Waterfront station was built by the Canadian Pacific Railway (CPR) and opened on August 1, 1914. It was the Pacific terminus for CPR's transcontinental passenger trains to Montreal, Quebec, and Toronto, Ontario. The current station is the third CPR station. The previous CPR station was located one block west, at the foot of Granville and, unlike the current classical-styled Waterfront station, was built in "railway gothic" like CPR's many railway hotels.

During World War II, the station was used as a temporary hospital for wounded returning soldiers.

Waterfront station was targeted for conversion into a public intermodal transit facility in the mid-1970s. This effort was previously outlined in the Granville Waterfront Station Plan (GWS Plan), which also proposed the relocation of the termini of Canadian National Railway's Super Continental and Amtrak's Pacific International intercity train services from False Creek to Waterfront station, and the construction of an intercity bus terminal across the street to replace the terminal at Larwill Park. The conversion reached an important milestone in 1977, when the SeaBus began operating out of a purpose-built floating pier that was connected to the main terminal building via an overhead walkway above the CPR tracks.

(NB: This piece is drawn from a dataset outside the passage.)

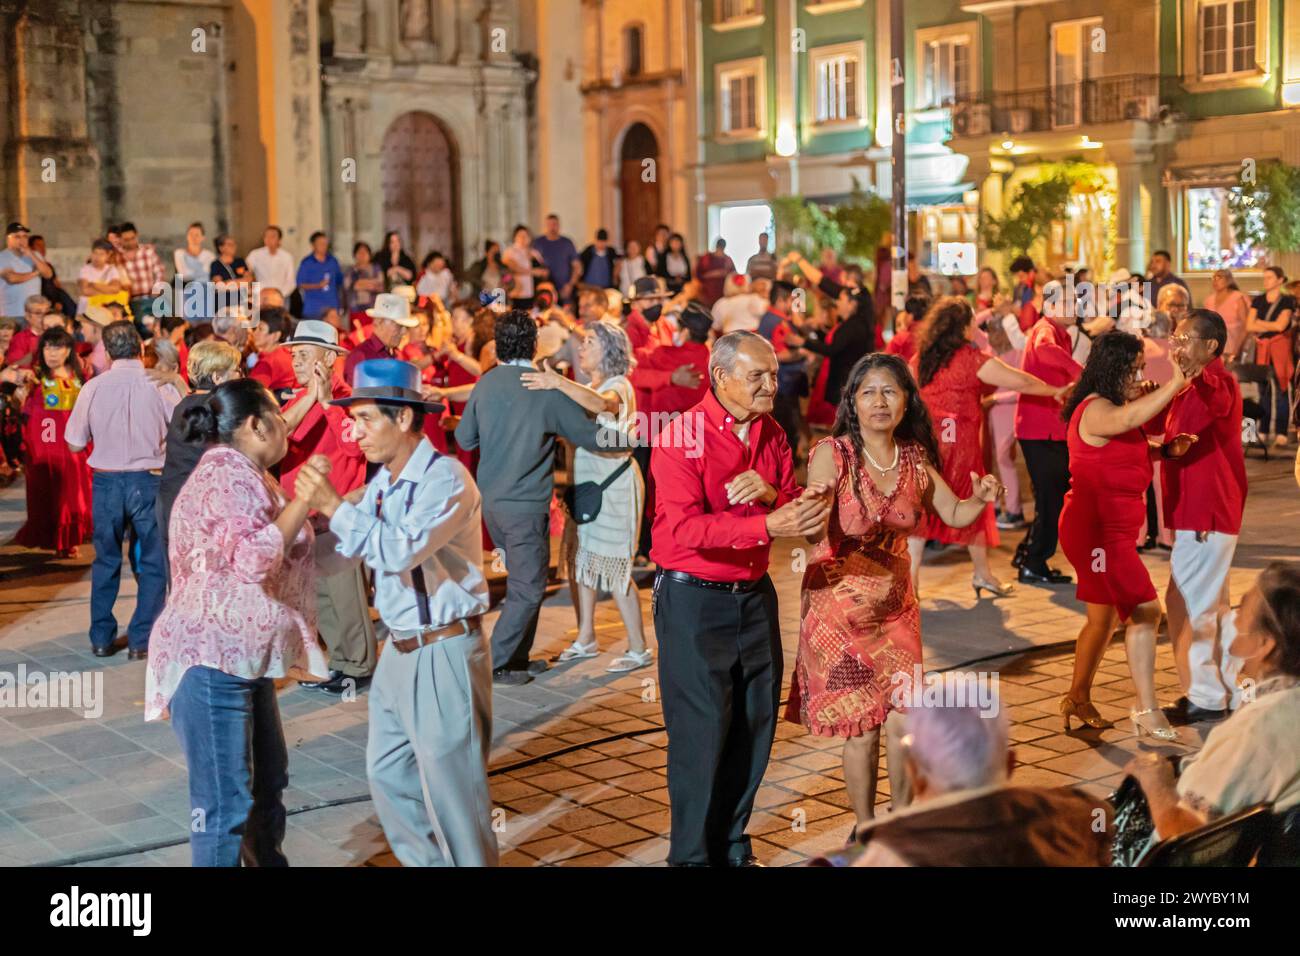 Oaxaca, Mexique - la danse hebdomadaire du mercredi dans le zocalo, ou place centrale. Cette nuit, la danse était le jour de la Saint-Valentin, avec de nombreux danseurs portant R Banque D'Images

After Via Rail took over the passenger operations of CPR and Canadian National Railway (CNR) in 1978, it initially continued using both railways' stations in Vancouver. However, on June 14, 1979, Via decided to consolidate its Vancouver operations at the Vancouver CNR station and to cease using the CPR station. The choice of CNR station was made due to the lower cost of modifications required for additional train service, greater room for expansion, and better access to maintenance facilities. Also, because only a small percentage of intercity train travellers used transit to reach their train departures, the superior local bus and ferry connections of the CPR station became less of a determining factor. The last scheduled Via passenger train to use Waterfront station departed on October 27, 1979.

CPR's passenger platform and some of its tracks were torn up in the early 1980s to make way for the guideway of the original SkyTrain line (Expo Line), which opened on December 11, 1985. During Expo 86, SkyTrain operated special shuttle trains between Waterfront station and Stadium–Chinatown station (then named Stadium station), connecting the Canadian Pavilion at Canada Place to the main Expo site along False Creek.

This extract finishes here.